Peut-on imaginer le plafonnement de l’indemnisation d’une victime d’accident de la circulation causé par la faute du conducteur ? A ce stade, la réponse est évidemment non. Pourtant en matière de licenciement, l’employeur fautif bénéficiera d’un tel plafonnement, créant ainsi de toutes pièces une catégorie de privilégiés, libérés du risque de devoir réparer la totalité du préjudice causé par leur faute.
Chacun a suivi les péripéties qui ont conduit à la réforme du Code du Travail par ordonnances. L’Ordonnance n° 2017-1387 relative à la « prévisibilité et à la sécurisation des relations de travail », est appelée à être ratifiée le 28 novembre 2017. Cette ordonnance va radicalement modifier les dispositions relatives à la réparation financière de ce qui s’appelle désormais « irrégularités de licenciement » en particulier, par l’établissement d’un « référentiel obligatoire en cas de licenciement sans cause réelle et sérieuse ».
En d’autres termes, en cas de licenciement abusif, qui suppose donc une faute commise par l’employeur, la réparation des préjudices des salariés sera plafonnée, en fonction de l’ancienneté. Le maximum, étant en tout état de cause limité à 20 mois de salaire brut (pour les salariés ayant 29 années complètes ou plus d’ancienneté). Plus encore le Juge pourra intégrer dans le plafond, pour fixer ces dommages et intérêts, les indemnités perçues en application de la convention collective.

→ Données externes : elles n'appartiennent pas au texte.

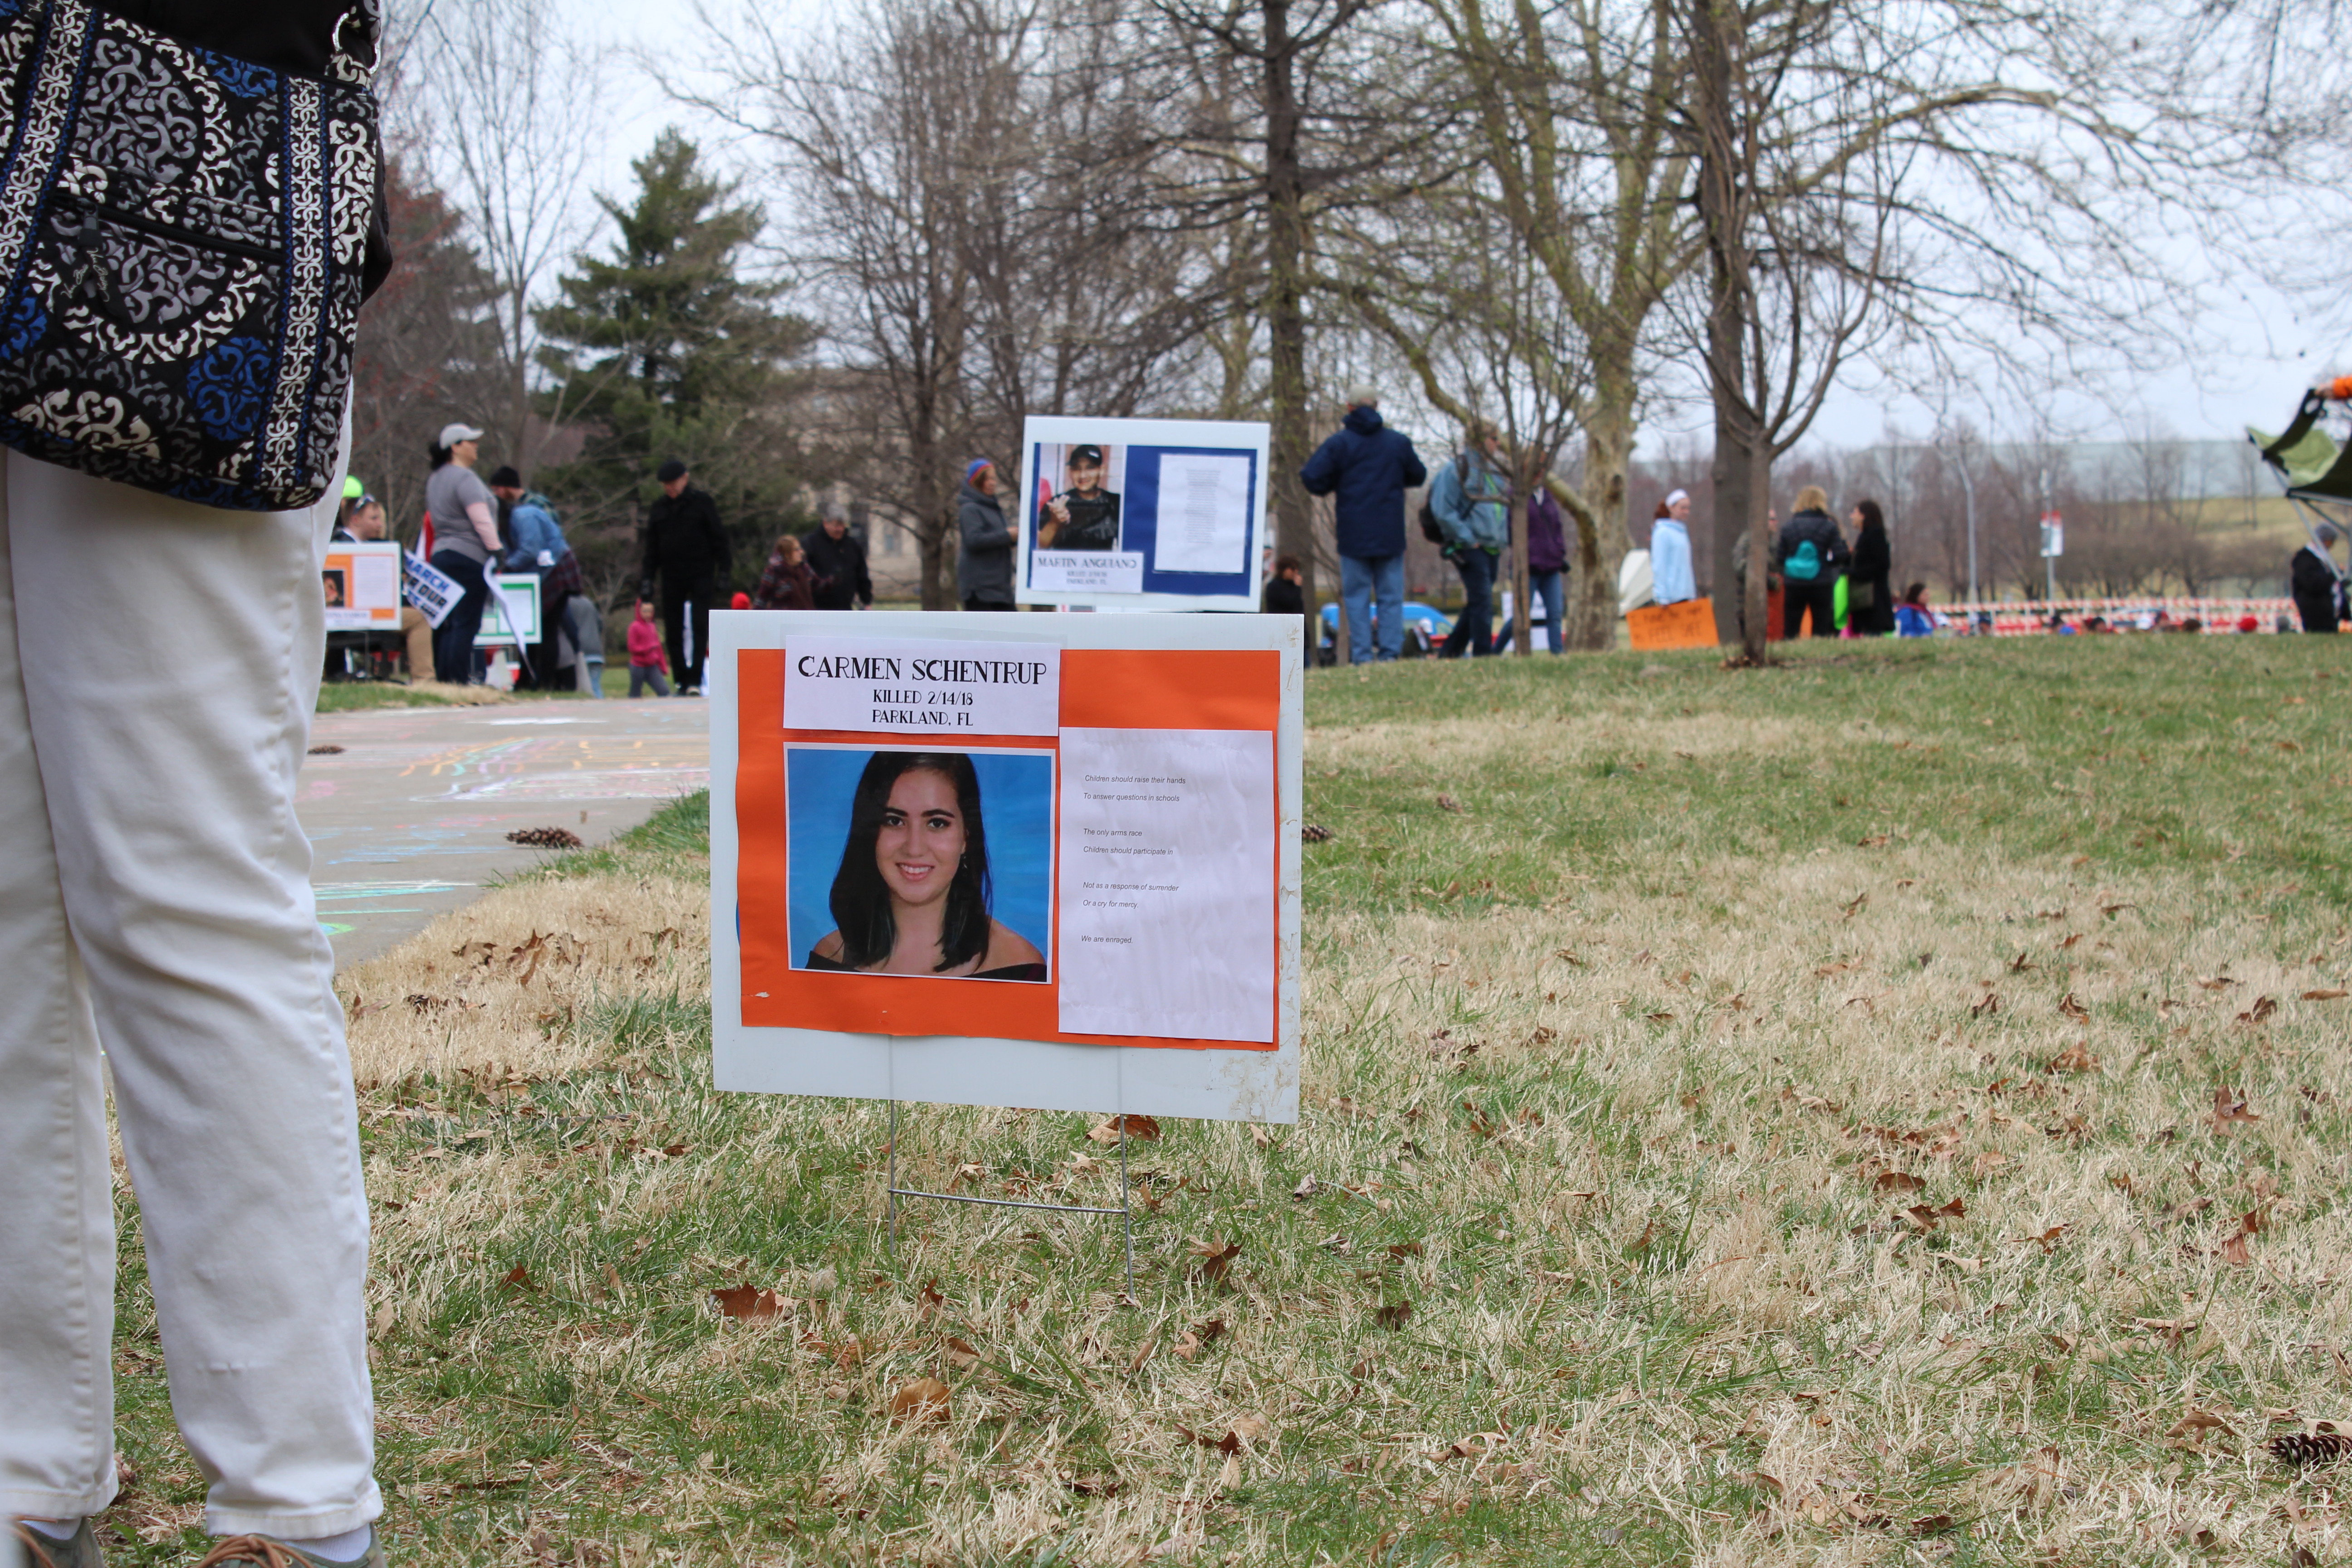 On the sidewalk where the March would officially start, colored signs with portraits of each victim from the Parkland, Florida shooting lined each side, being a stark reminder of the reason why the March had formed in the first place. Photo: Carina Smith, 14 East.

Or, derrière ces termes techniques est à l’œuvre un méthodique « détricotage » d’un principe plusieurs fois centenaire qui veut que toute faute, « en relation de causalité directe et certaine avec le dommage » doit conduire, obligatoirement, à une indemnisation totale et non partielle du préjudice subi : « le préjudice, rien que le préjudice, mais tout le préjudice… ». Il y a là un dévoiement de nos principes, profondément choquant, mais qui n’est peut être que la première étape d’un « détricotage » plus large, attaquant la capacité des parties les plus faibles à obtenir une juste réparation de leur préjudice.
C’est, en droit, le principe dit de la réparation intégrale du préjudice. C’est un principe essentiel de notre droit, en ce qu’il est un des plus puissants facteurs de paix sociale et de maintien de l’ordre public. La certitude de la justice, même imparfaite comme l’est par définition la justice humaine, fait accepter ce qui serait sinon inacceptable : celui qui m’a causé un dommage doit en réparer toutes les conséquences pourvu qu’elles soient directes, certaines et en relation de causalité avec la faute.
Le site public du service public est allé jusqu’à mettre en ligne un simulateur des indemnités en cas de licenciement abusif, permettant aux entreprises de prévoir précisément le coût d’un licenciement abusif.
Certes, le dispositif prévoit le cas des licenciements résultant d’une faute de l’employeur d’une « exceptionnelle gravité ». Il s’agira principalement des cas de harcèlement, de discrimination. Dans ces cas, l’employeur sort alors du champ du plafonnement pour retrouver le « droit commun » c’est-à-dire l’application de la règle commune : doit être réparé tout le préjudice, et rien que le préjudice. Que sera la faute d’une « exceptionnelle gravité » ? La jurisprudence le déterminera. L’on voit là les prémices d’une jurisprudence byzantine, qui loin de simplifier les rapports entre salariés et employeurs, alimentera les contentieux prudhommaux. Il y a fort à parier que nombreux seront les cas qui seront soumis à leur censure.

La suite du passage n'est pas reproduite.